Sí, hay sangre en la pulida coraza de plumas grises de tu pecho, y la sangre se parece a un rico vino tinto. Es del color que un gran maestro usó para pintar la capa, en la trágica escena obscura. Nunca pensé que la sangre podría estar henchida de tan rico poder.

Pensaste que podías volar con una bala dentro de ti; lo intentaste. Alzaste el vuelo un poco y luego, como un barco sin timón y sin piloto, te perdiste. Llegó la voltereta, el resbalón y una curva desplomada hasta el suelo, que aplastaría cualquier esqueleto y destrozaría cualquier anatomía. Y ahora, desde tu pico hasta tu cola, te ha invadido un temblor intenso… todo porque… ¿cuál es ese odio antiguo que se agita y golpea como una puerta abierta en el corazón del hombre?

Me acerqué un poco más. Estaba el águila echada sobre un lado, con una de sus inmensas alas extendida debajo de su cuerpo, como un tapete para yacer en él. Ahora podía darme cuenta de su enorme tamaño y podía ver claramente su pico curvo y sus poderosas garras. Éstas, de grandes uñas afiladas, eran tan gruesas como mis manos. Me acerqué un poco más aún.

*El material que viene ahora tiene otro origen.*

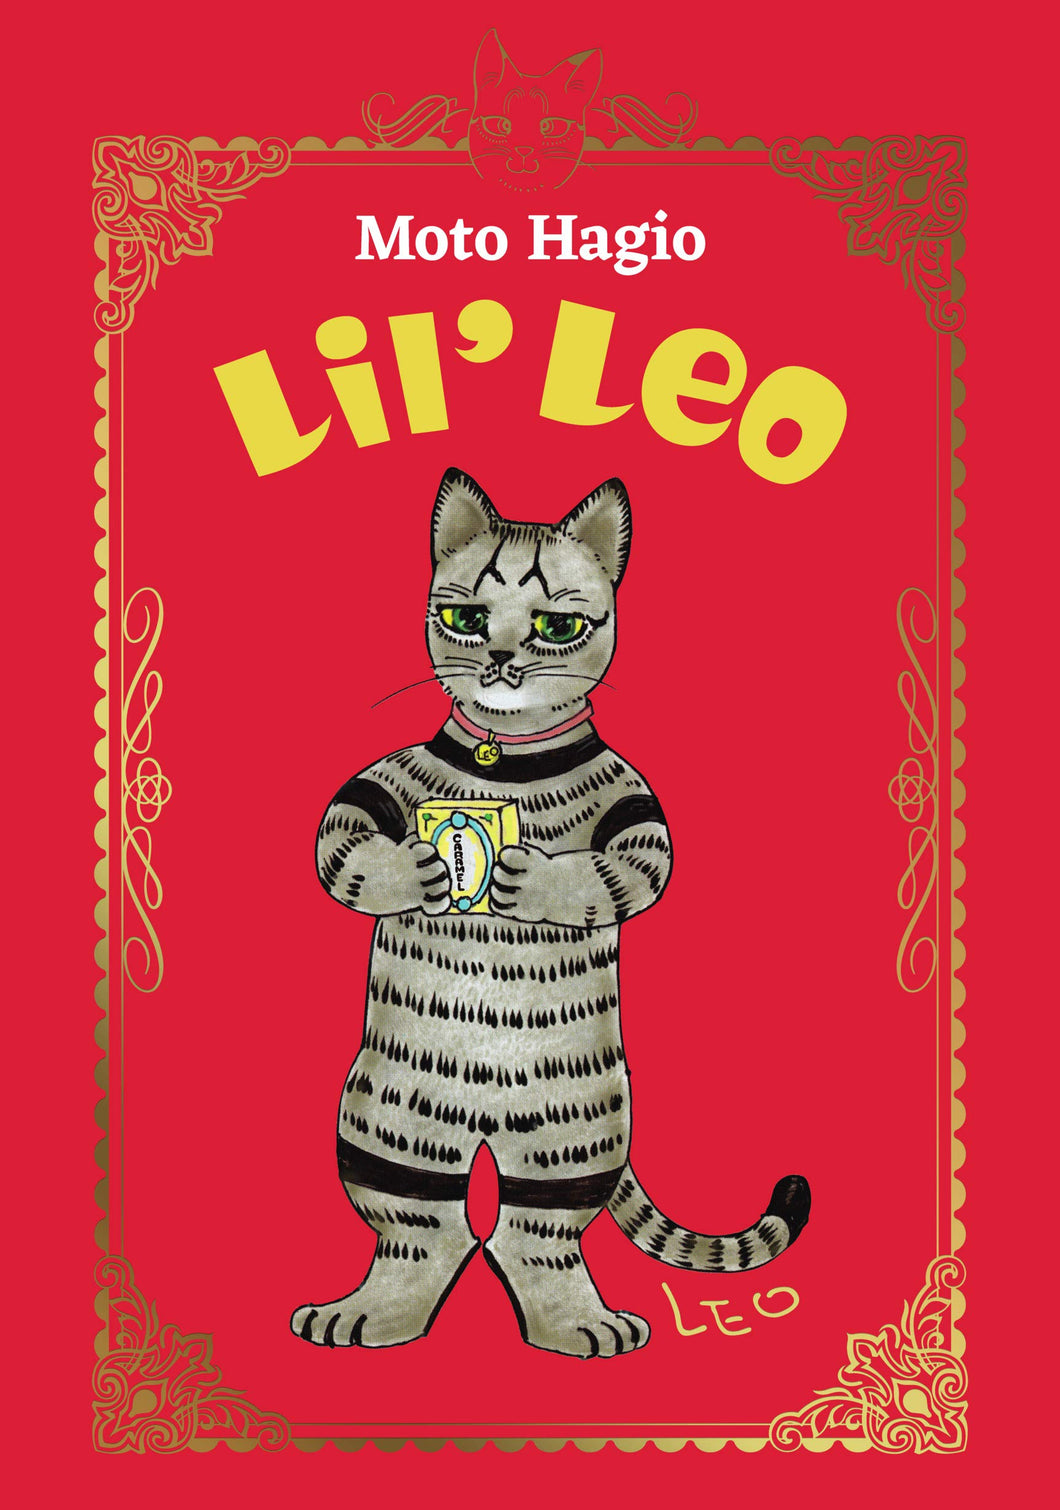 Lil' Leo by Moto Hagio
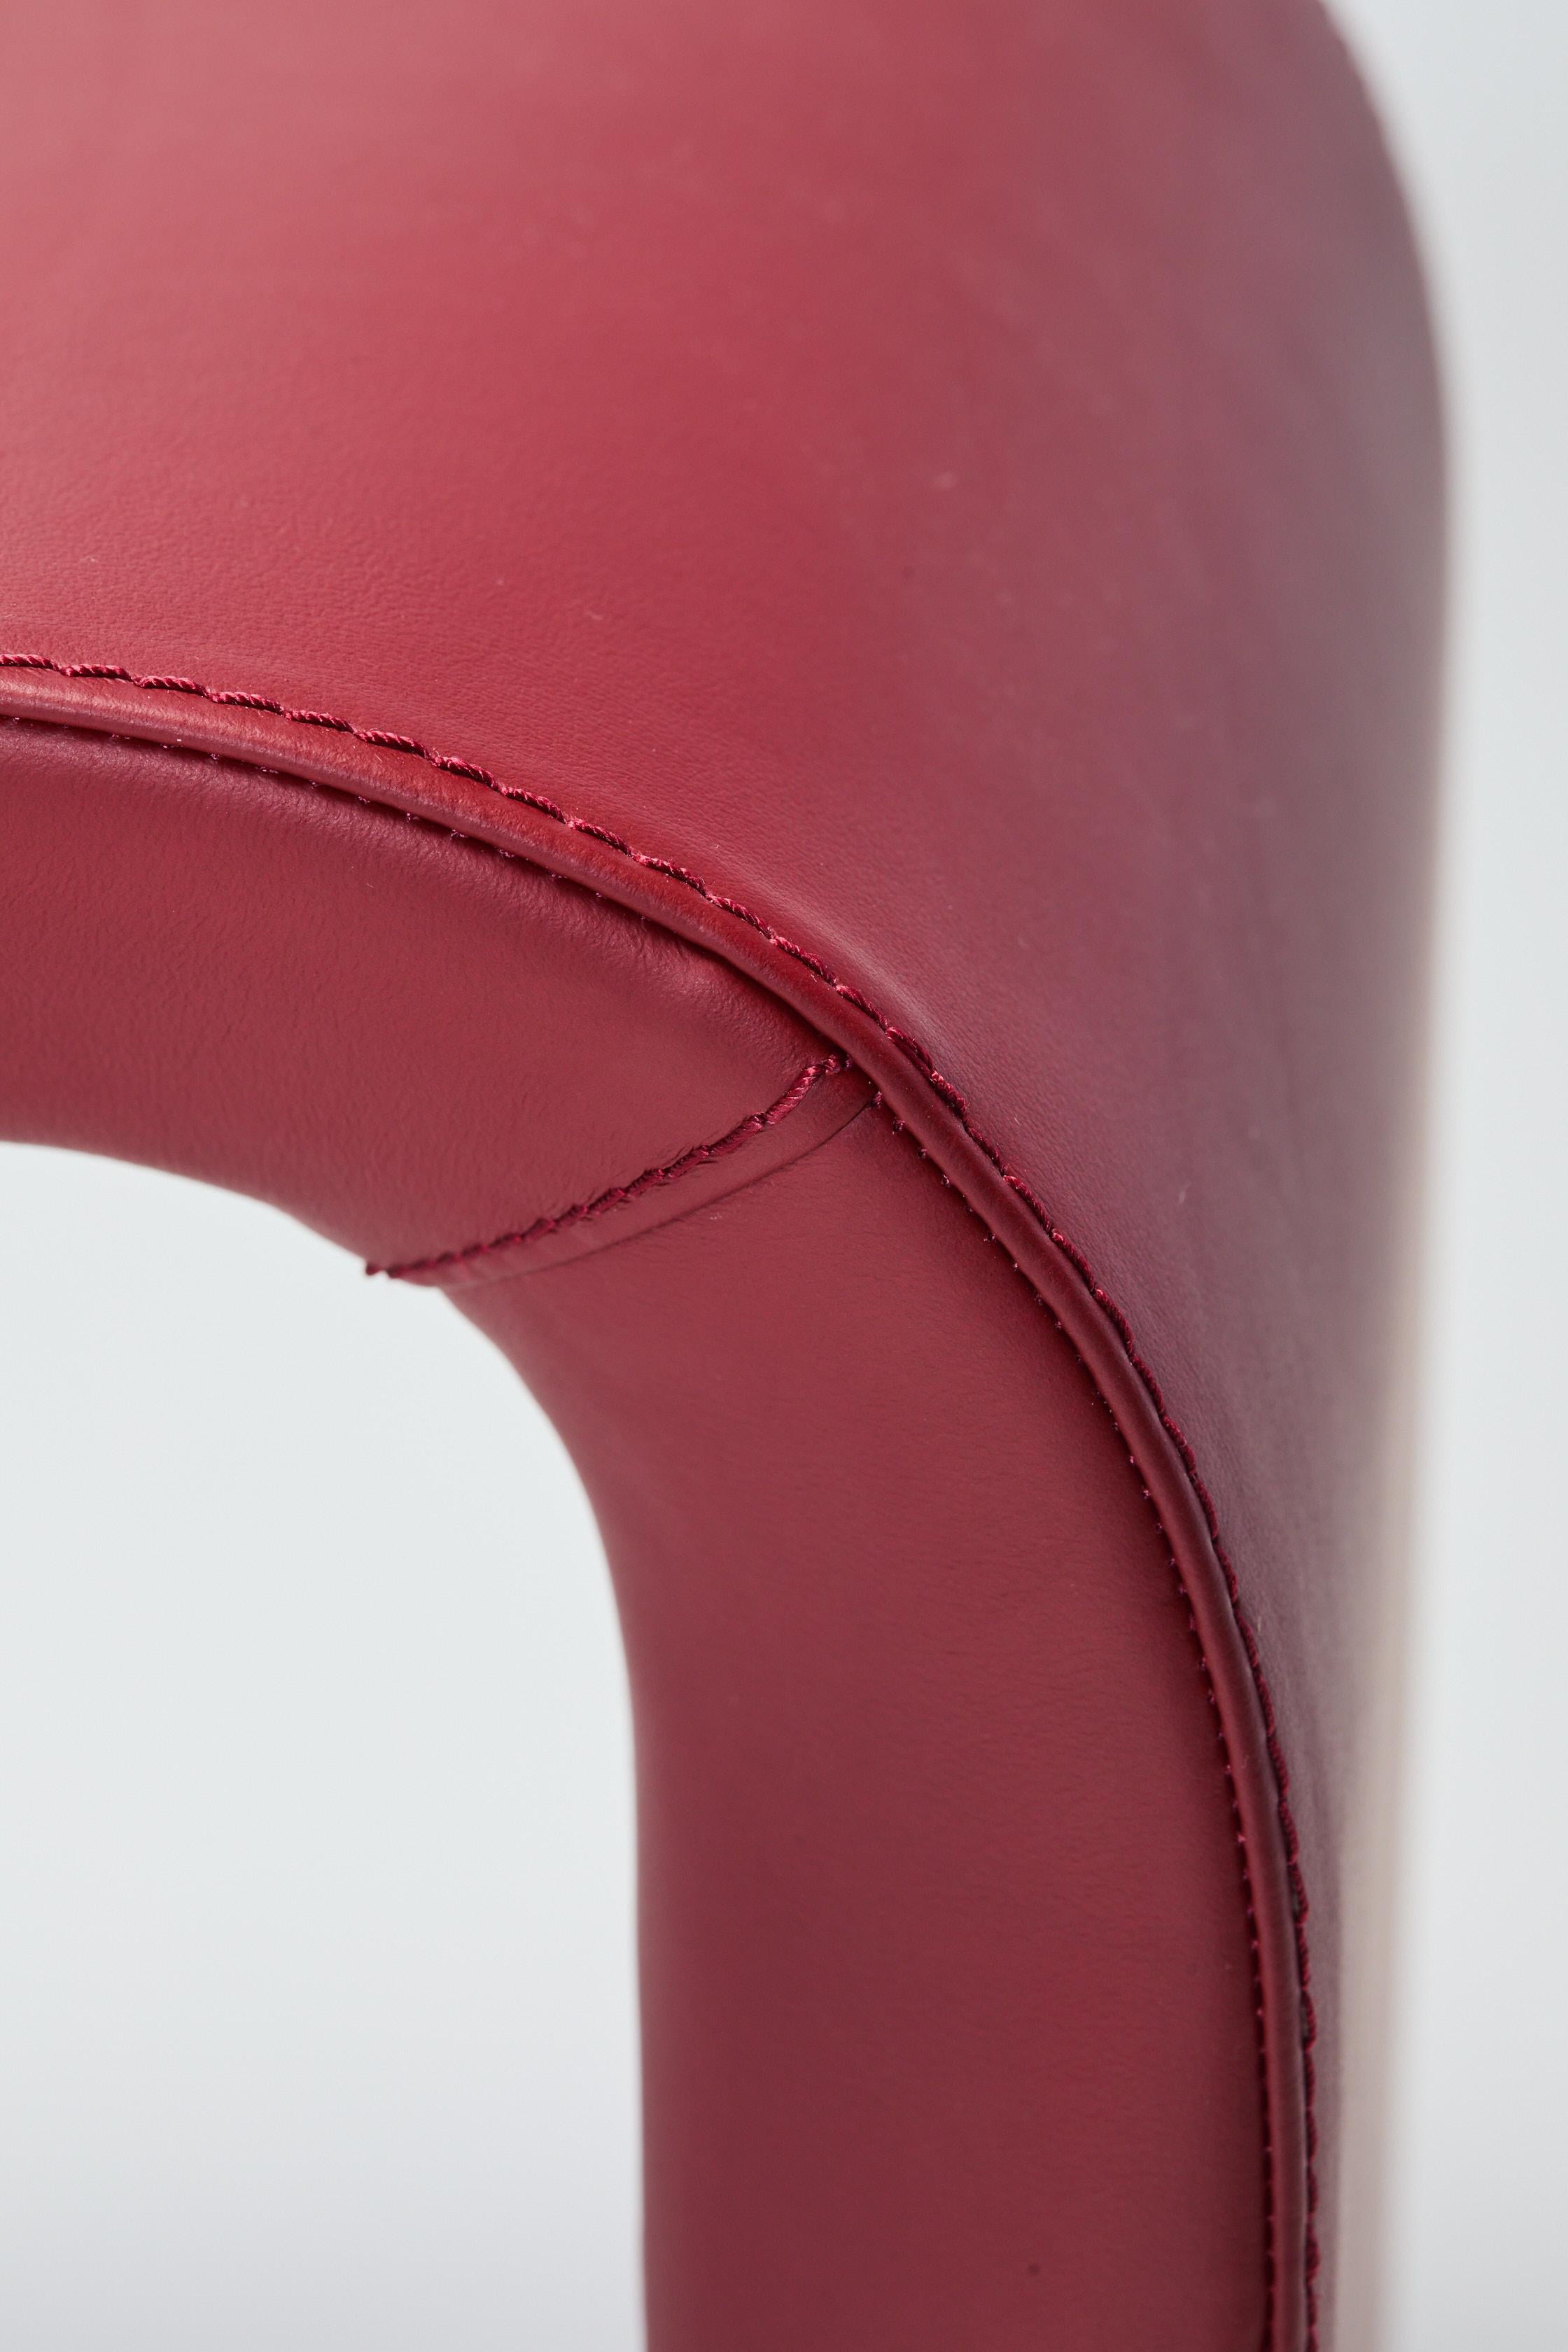 Minimalist Bench, SOA by Reda Amalou Design, 2021, Leather, Walnut & Bronze For Sale

Sus músculos se agitaban en espasmo, y los nervios se estaban contrayendo. Y todo este mecanismo que estaba libre y dúctil, pronto estaría duro e inmóvil, muerto. Muerto como muerta está la roca. Muerto como muerto está el suelo. Muerto como las cosas que rodean al hombre. Sus propiedades. Su dinero. Sus joyas y todos sus tesoros huecos. Muerto como el hombre que ambula, cadáver, por el mundo, cubriendo su desnudez con pompa y envidias, con odios y pasiones y deseos de matar.

¿Por qué tantas ideas se me vinieron a la cabeza en aquellos momentos? ¿Por qué me llegaron demasiado tarde?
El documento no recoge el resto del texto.